▶ _Dataset entries_:
= = = =

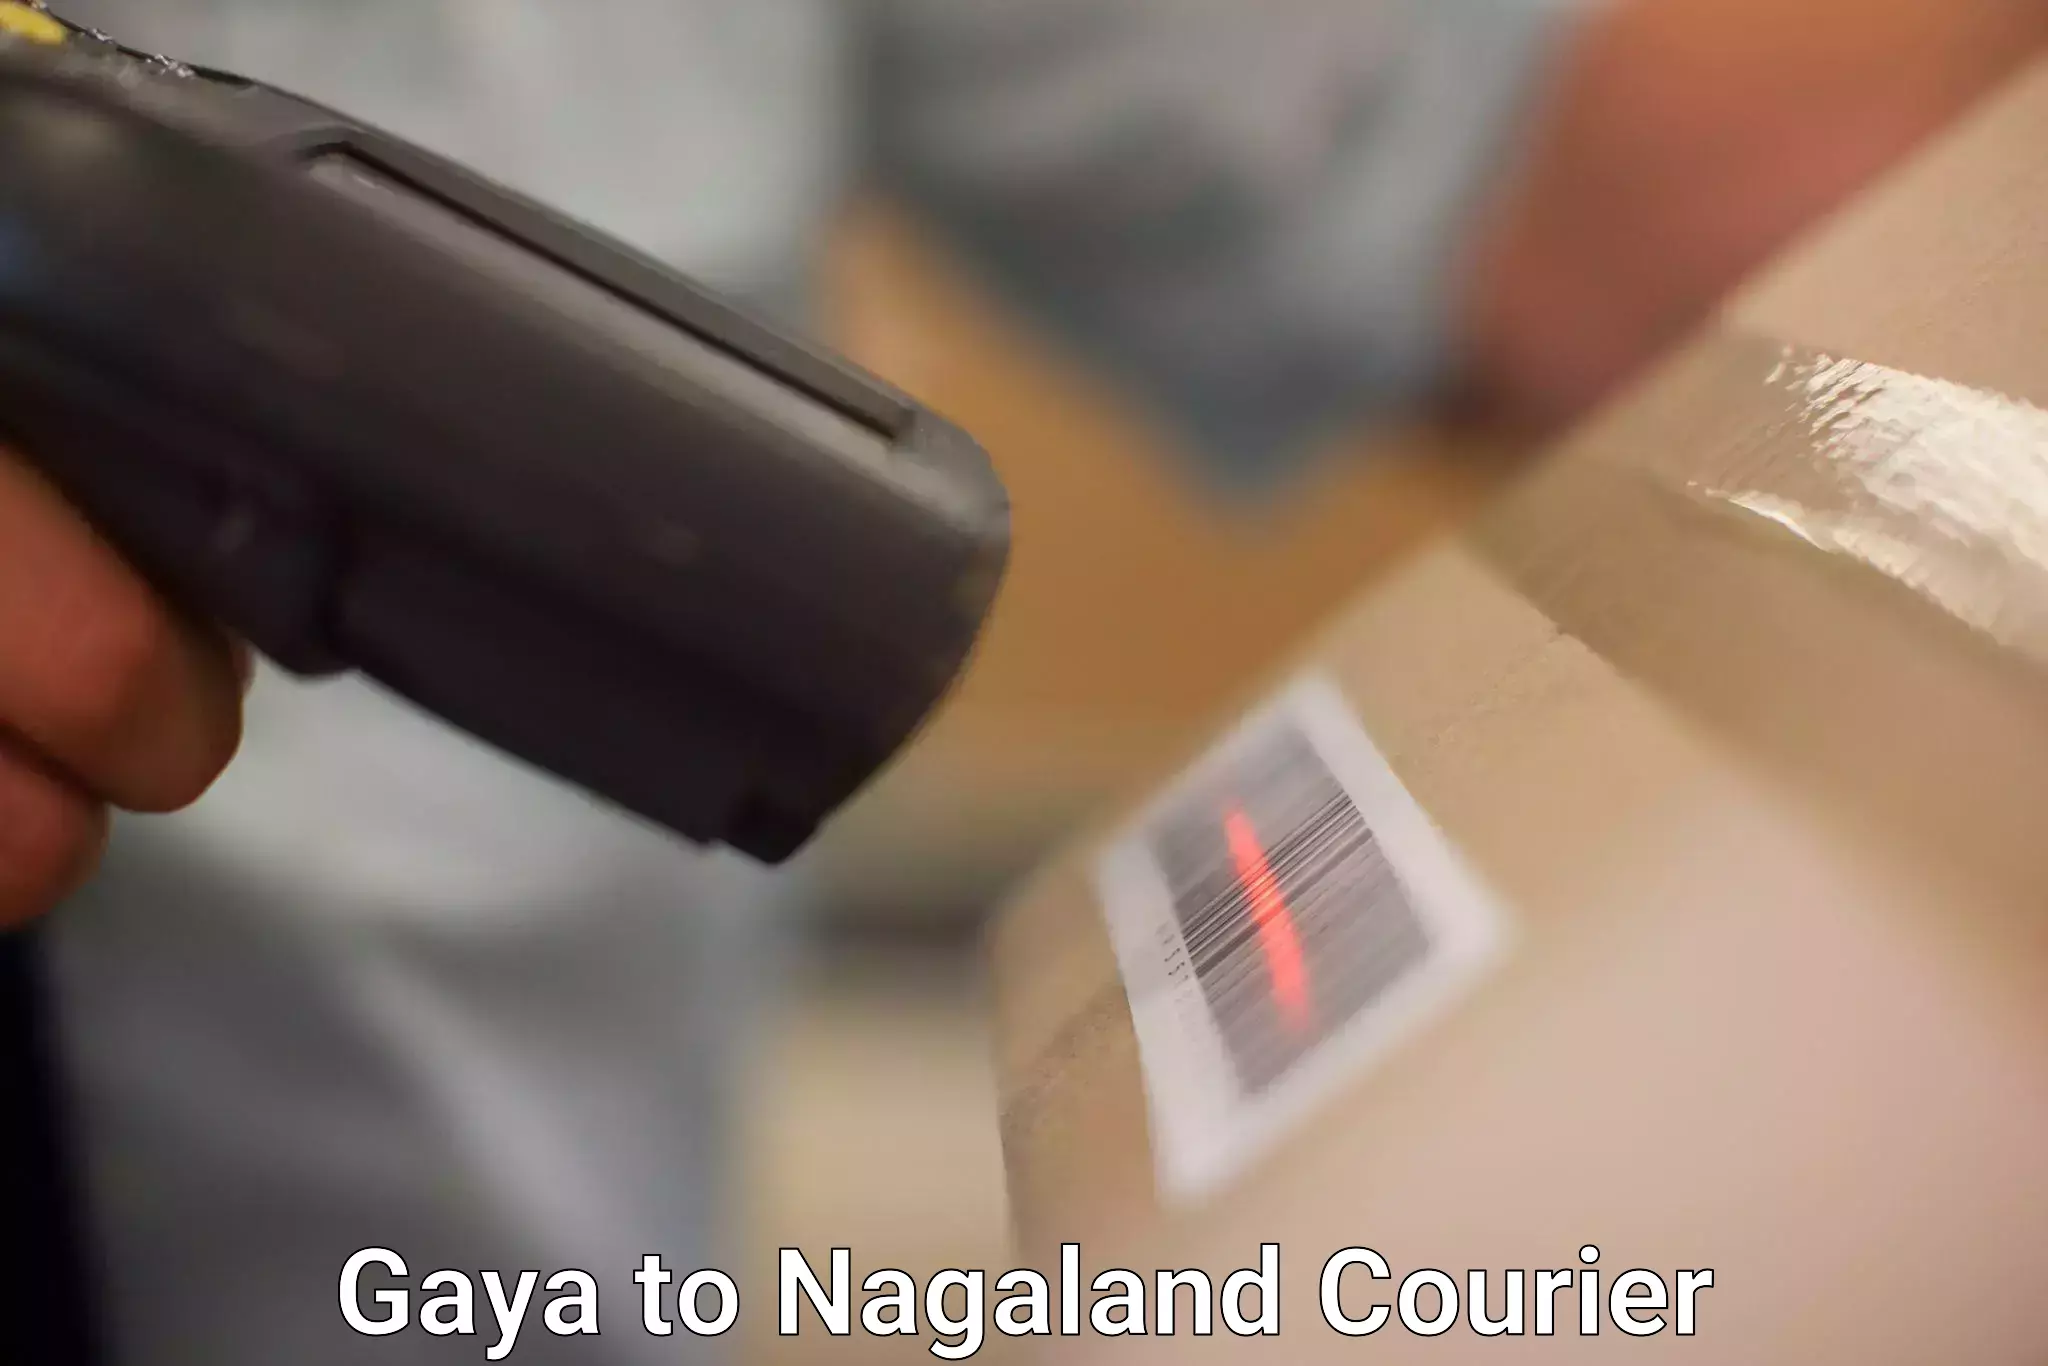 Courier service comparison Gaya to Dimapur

= = = =

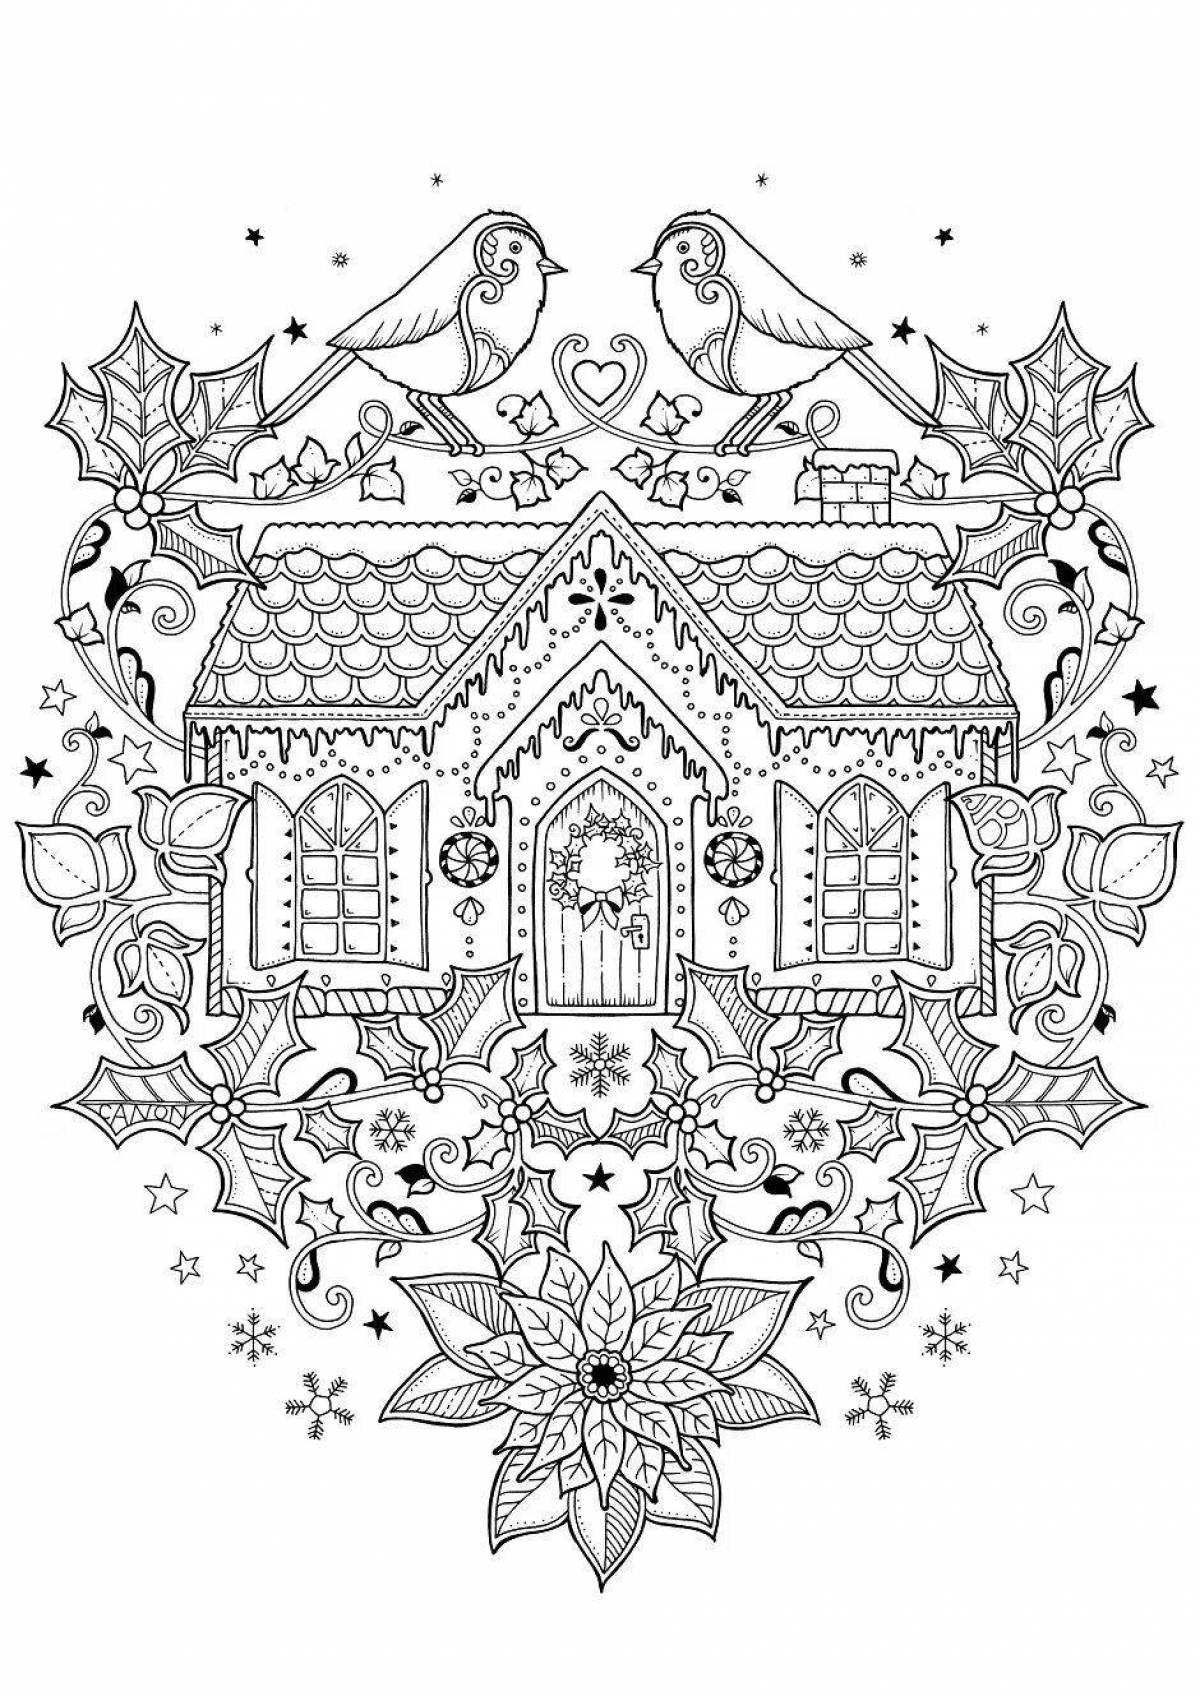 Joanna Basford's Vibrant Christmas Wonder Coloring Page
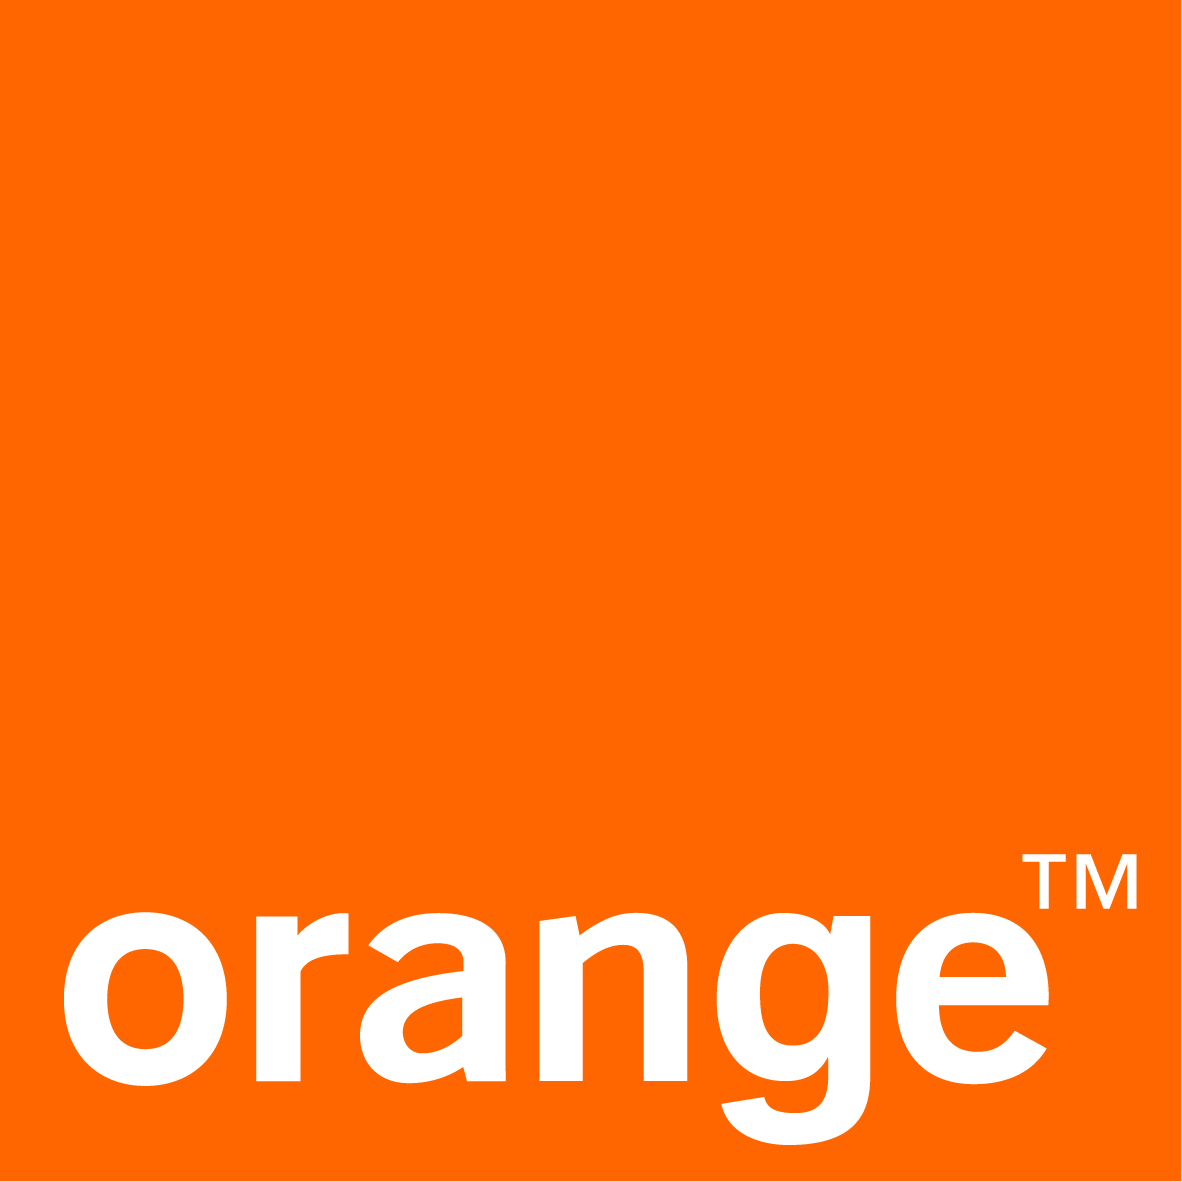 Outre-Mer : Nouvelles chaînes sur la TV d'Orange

= = = =

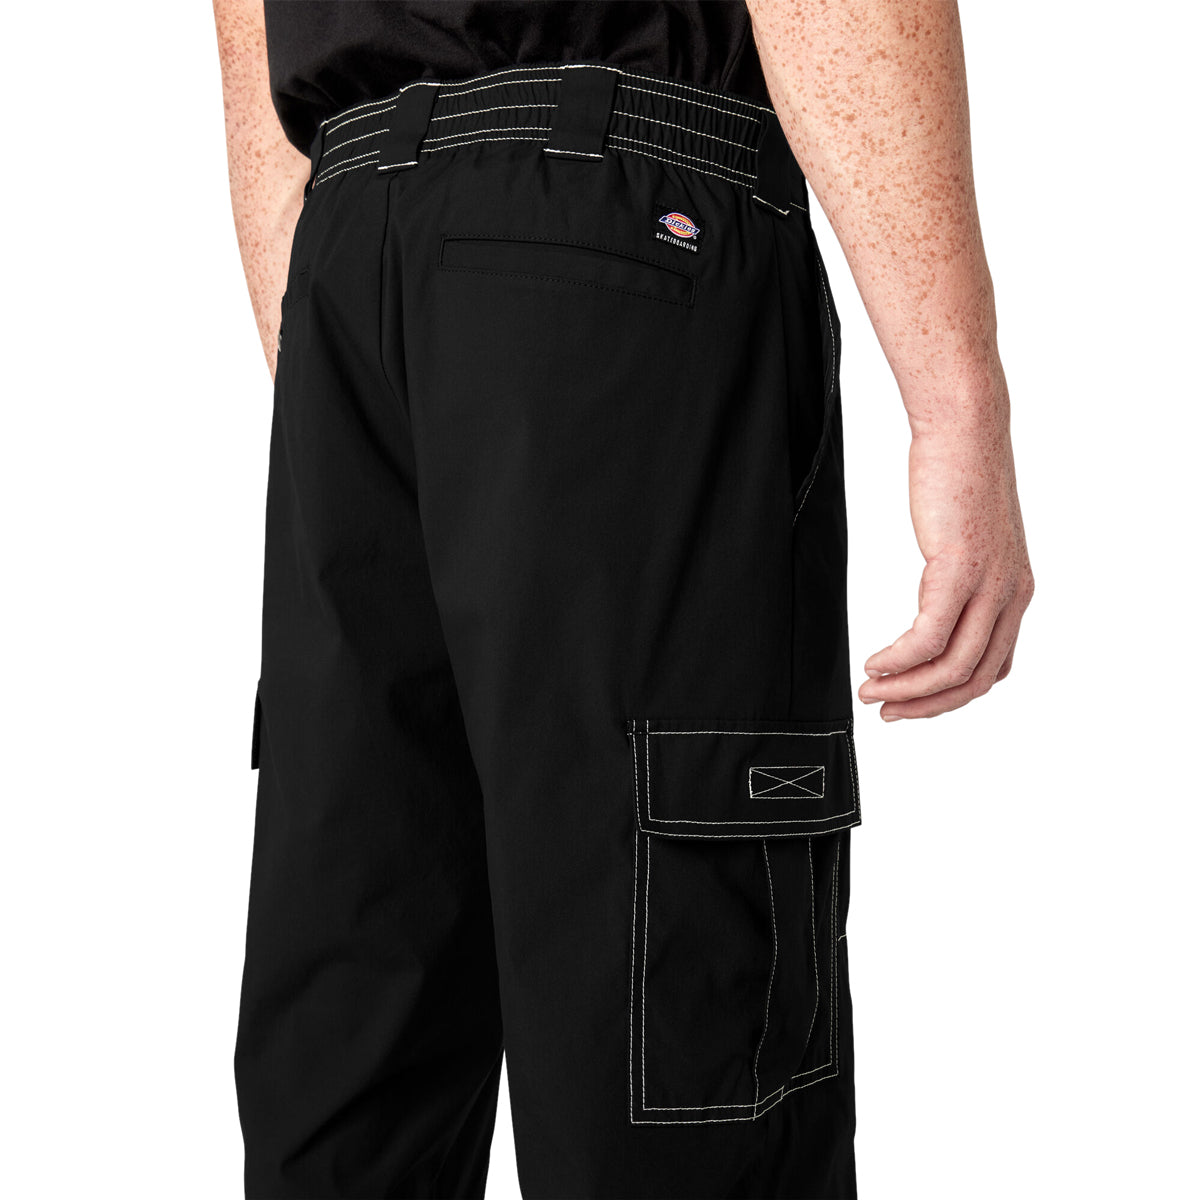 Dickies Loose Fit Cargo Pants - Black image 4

= = = =

▶ _Task_:
Output exactly the lines above, beginning at the one with "Joanna Basford's Vibrant" and stopping after the one with "Outre-Mer : Nouvelles". Pictures are to be omitted.

▶ _Reply to the task_:
 Joanna Basford's Vibrant Christmas Wonder Coloring Page
 Outre-Mer : Nouvelles chaînes sur la TV d'Orange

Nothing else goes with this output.